Organising around Value Streams
This month the inaugural edition of the State of Value Stream Management Report was released, a significant piece of research produced by the VSM Consortium. The report identifies four practices and key findings. They are:
- Organising around Value Streams
- Discovery through Value Stream Mapping
- Inspection and Adaptation Through Value Flow Analysis
- Measuring and Acting on Value Realisation.
Today, I’d like to discuss the first practice: Organising around Value Streams.

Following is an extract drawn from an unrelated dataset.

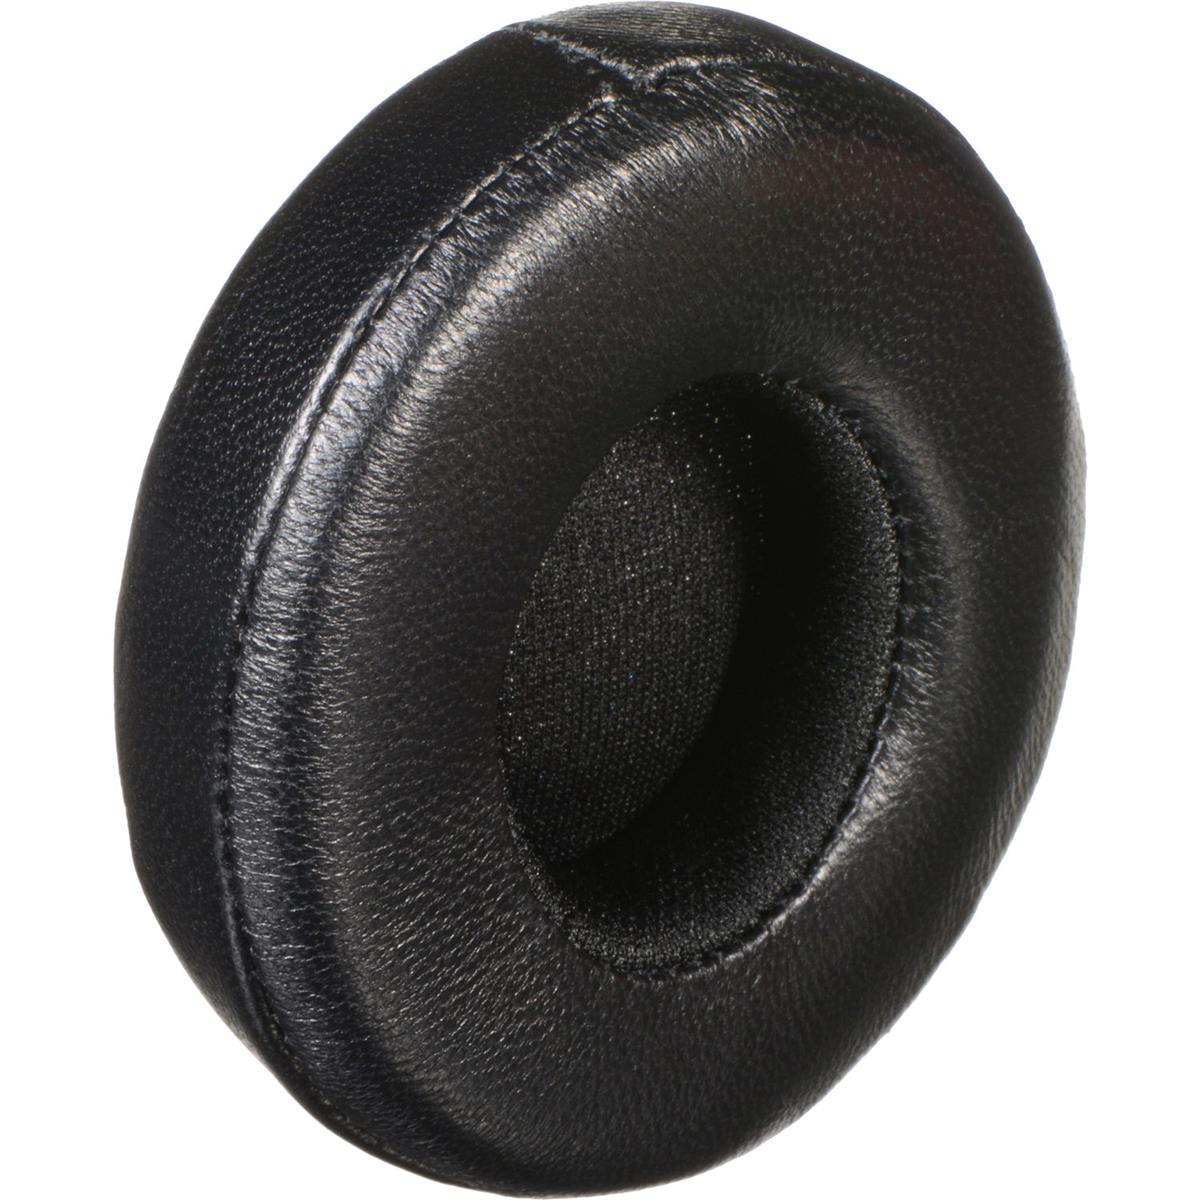 Image of Dekoni Audio Elite Sheepskin Ear Pads for Beats by Dr. Dre Solo 2.0 Headphones

The report discusses a set of requirements deemed necessary to get the value stream-centric thinking and move towards value stream management. Those requirements are related to your organisational design and ways of working. However, If you’re not in an enterprise that can afford a significant transformation, It worries me that you might find the bar too high for you to dare to take the first step. As an industry, we need to make sure we put alternative paths forward in ways that suit different circumstances.
In this article, I want to introduce three ideas:
- Unless you are a brand new venture, you don’t “organise around Value Streams”; instead, you “reorganise”, giving there’s already an existing structure in place. Reorganisation, a.k.a transformation, is not for everyone.
- Modern Value Stream Management platforms now allow you to take that first step virtually, postponing more radical interventions, reducing the dip of transformation’s J curve, reaping benefits sooner, and over time, redesigning only the structures that really need to be physically redesigned, if any.
- You don't always need to drastically change structures to become fit-for-purpose. Often you just need to reinterpret your existing structures.
Before we deep dive, I noticed that the report is borrowing from two different schools of thought. The first being a top-down, autocratic, looking for a step-change (Kaikaku); the other is more evolutionary in its nature, aligned to starting from wherever you are and evolving incrementally (Kaizen). Although there are two voices evident in the report, at times even conflicting with each other, I do not believe that this is necessarily negative. On the contrary, I think the diversity of this group is its superpower. As a newly formed group, they are also likely going through Tuckman’s journey of forming, storming, norming, performing. I’m genuinely interested to see how the VSM Consortium evolves and norms its thinking over time.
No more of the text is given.